En mi casa la paella se ha comido siempre. La paella mexicana, claro, que lleva unas almejas que nunca he visto en España, muchos guisantes, salchichas, mucho azafrán, un arroz que no es bomba y un sabor que, después de haber vivido tantos años en España, me parece insulso y con una consistencia que da pena. En México, pena es vergüenza. En España, pena es pesar. La paella mexicana da pena y da pesar, incluso en las mejores casas. No he llevado nunca a un amigo español a comer paella mexicana. A Manel, por supuesto, jamás lo llevé. Imagínense el despropósito: uno de los mejores arroceros en España, probando eso. ¡Ni Dios lo mande! En Barcelona, Manel me enseñó a hacer caldos y a guardarle su debido respeto al sofrito. En el Suquet de l’Almirall, Manel mantenía un caldo que siempre estaba a fuego bajo. Se vaciaba cada domingo y se llenaba de nuevo cada martes con lo que había sobrado del finde y con lo que compraba específicamente para hacerlo: pescado de roca, mariscos de bajo precio pero mucho sabor, y un largo etcétera. Jamás se usaba agua en esas paellas. Esas ollas tenían impresa una vida en su interior. Con semejante maestro, uno de los platos a los que más respeto le tengo es a la paella.

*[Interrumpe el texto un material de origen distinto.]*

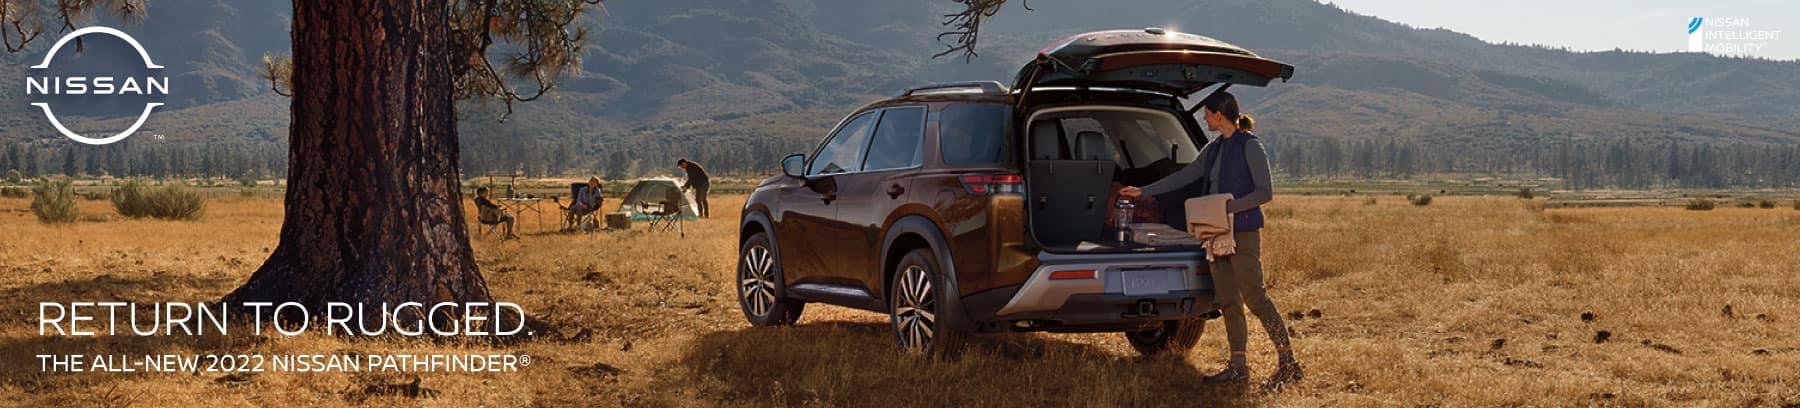 2022 Nissan Pathfinder - Return to rugged
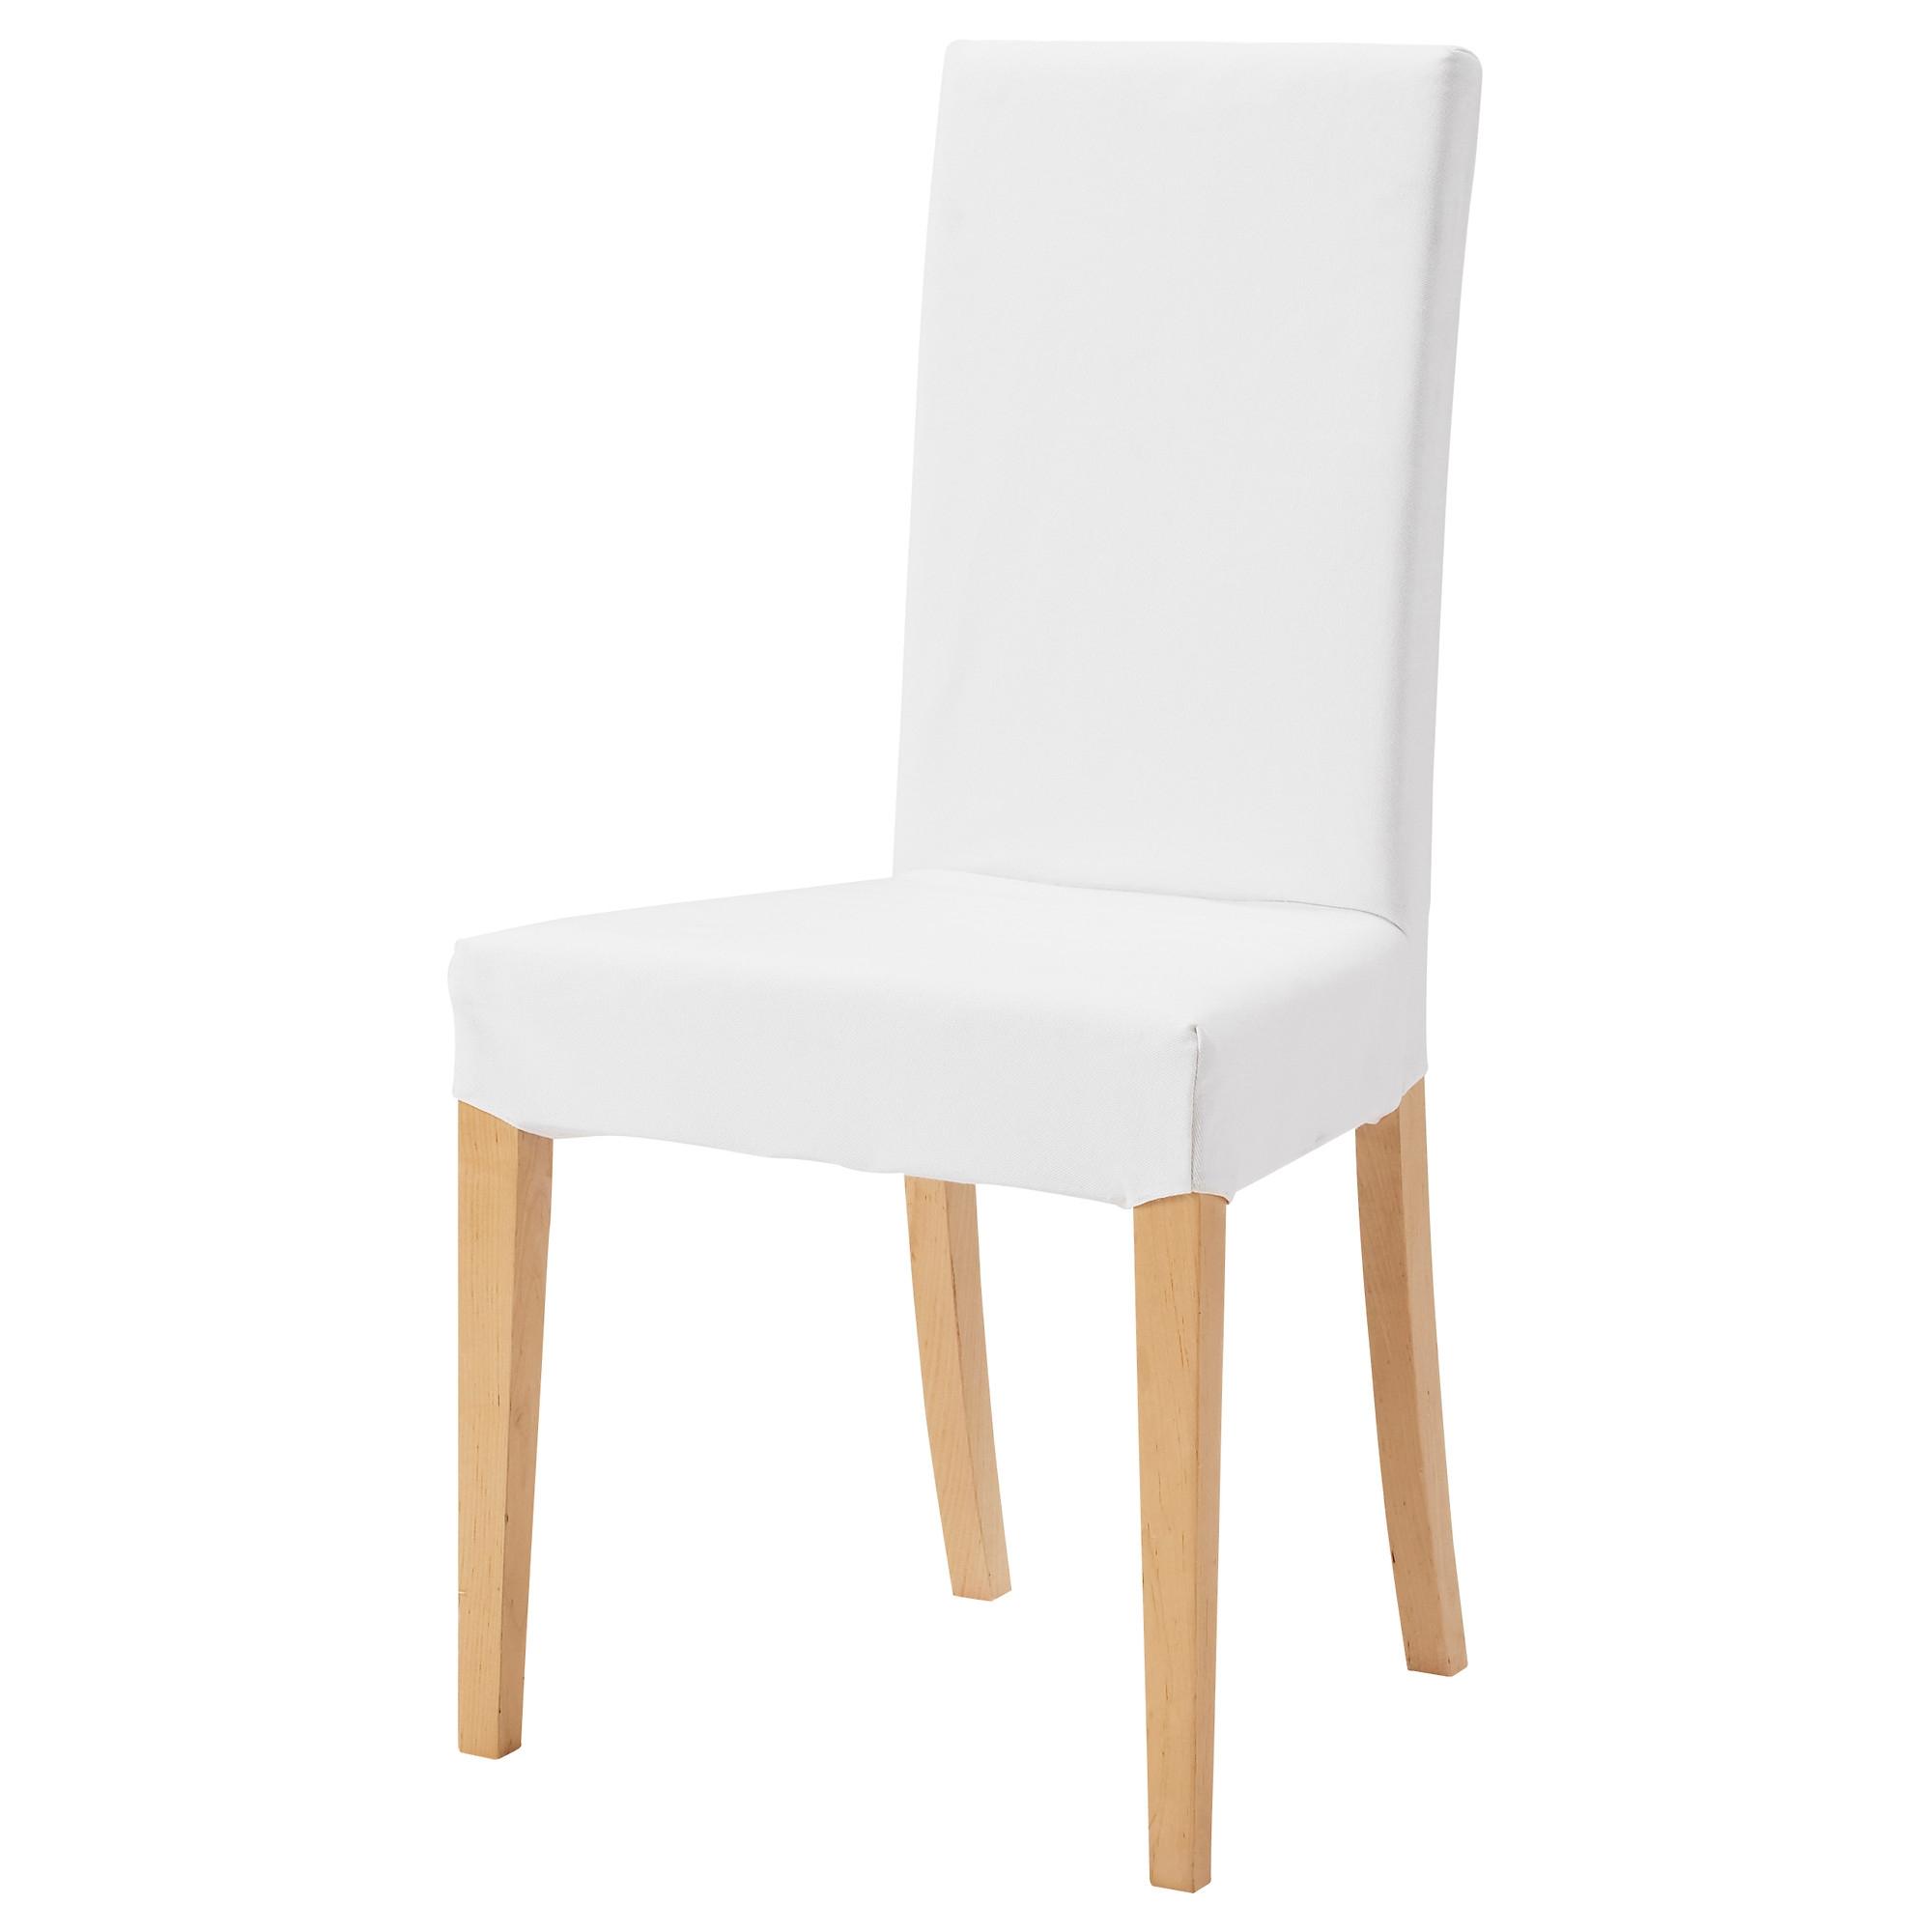 Ikea Oferta Sillas Comedor De Oferta 5AL3j4R

Hace unos meses, por insistencia de mi amigo Miguel González Compeán, ex colega de restaurantes mexicanos en Barcelona, que ahora regenta una pizzería en León, Guanajuato, hice una paella en San Miguel de Allende. Seguimos la receta que Manel Marqués Torres creó tras investigar sobre la cocina de barca de los pescadores barceloneses. Lo primero que nos dimos cuenta es que es imposible conseguir marisco y pescado fresco en el Bajío mexicano, a ocho horas en auto del mar más cercano. Son pocos los cocineros profesionales que tienen acceso a ellos. Aun así, hicimos lo que pudimos con lo que encontramos congelado en el supermercado y los amigos que nos acompañaron estuvieron más que felices. Sin embargo, quedé con Miguel que la próxima paella que hagamos tendrá que ser más parecida a lo que él sirve en su restaurante: producto de la región.